The paper introduces DF-FLOPS regularization, enabling aggressive sparse control while maintaining retrieval quality in large-scale search.
It employs a Transformer-based encoder and log-saturated aggregation to precompute efficient, term-weighted document representations.
Empirical results demonstrate a 4.5× reduction in candidate matches and a 10× latency improvement compared to standard FLOPS.

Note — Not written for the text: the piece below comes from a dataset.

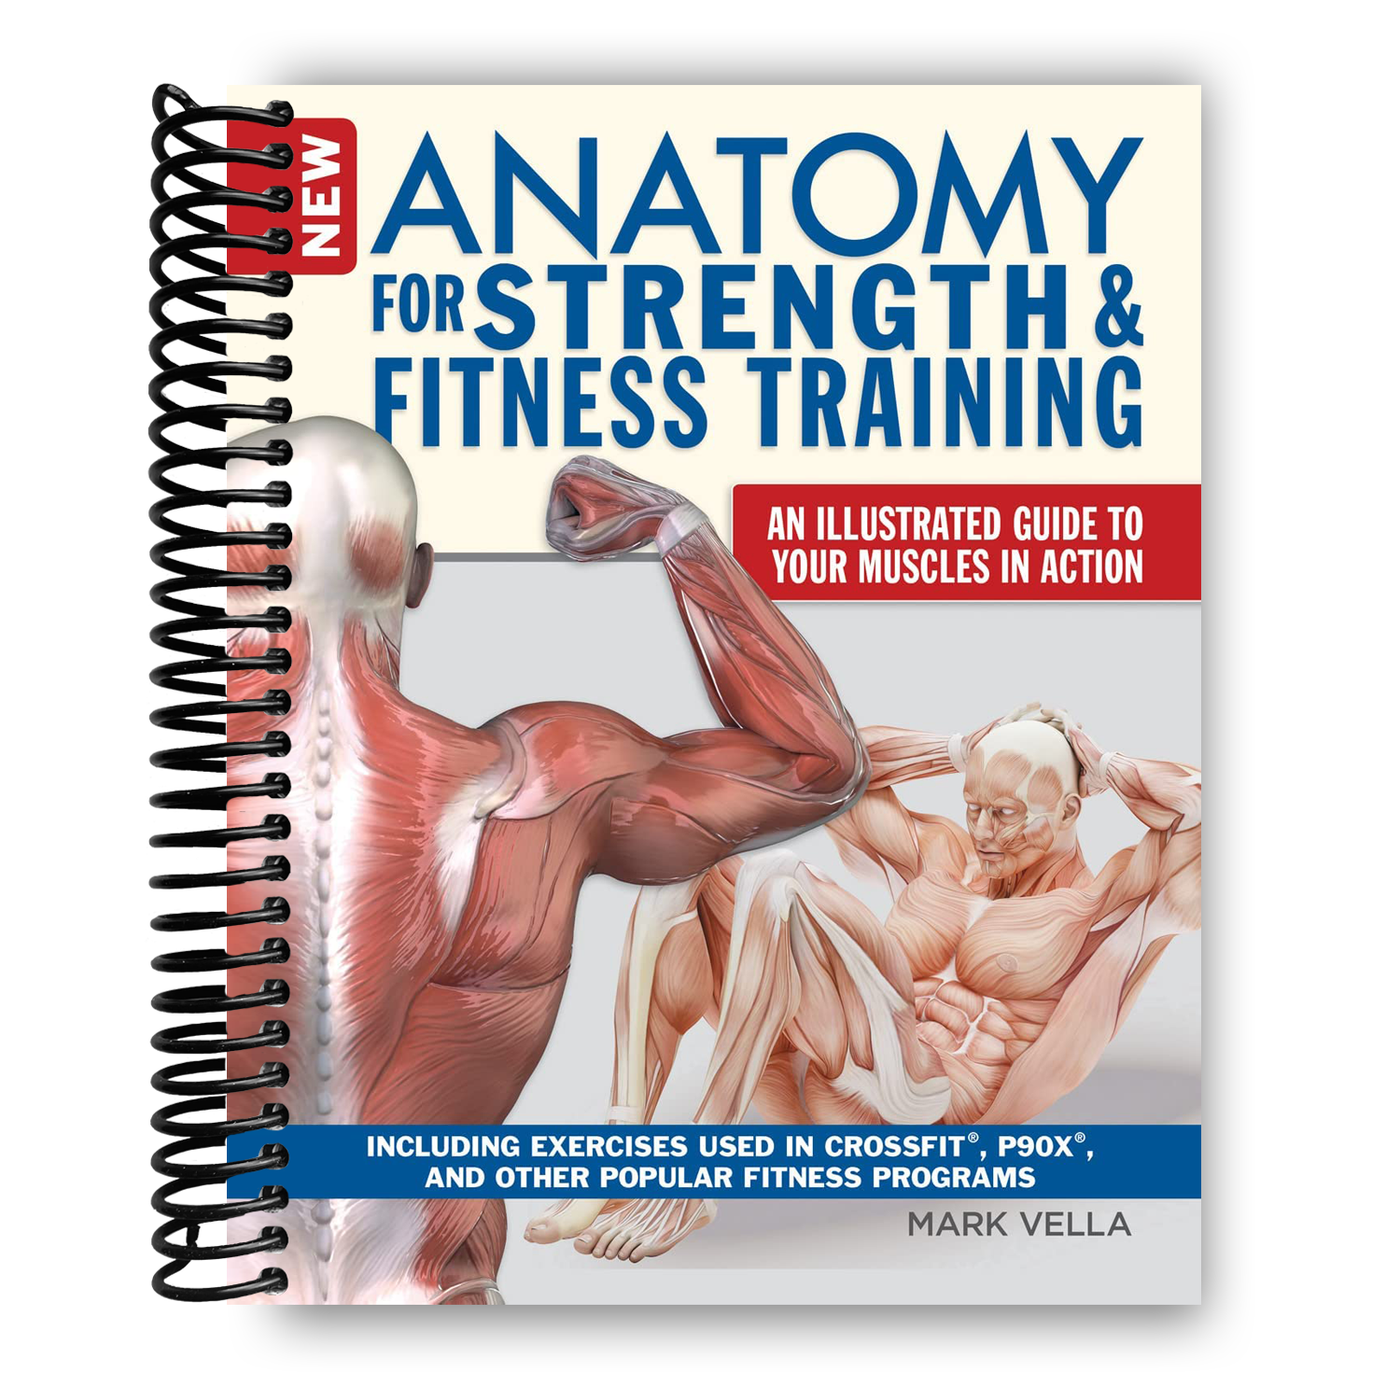 New Anatomy for Strength & Fitness Training: An Illustrated Guide to Your Muscles in Action Including Exercises Used in CrossFit (R), P90X (R), and Other Popular Fitness Programs (IMM Lifestyle Books) (Spiral-bound)

SPLADE-doc is a learned sparse retrieval (LSR) model variant that eliminates the neural query encoder and focuses entirely on pre-computing document-side sparse representations. Designed to leverage inverted index infrastructure, SPLADE-doc produces term-weighted, log-saturated, and aggressively sparse vectors for documents, enabling high-throughput and low-latency retrieval comparable to classical bag-of-words models. Several key advances—including precise sparsity control, novel regularization techniques (notably DF-FLOPS), and representation thresholding—have extended its efficiency and practicality for large-scale, real-world search deployments.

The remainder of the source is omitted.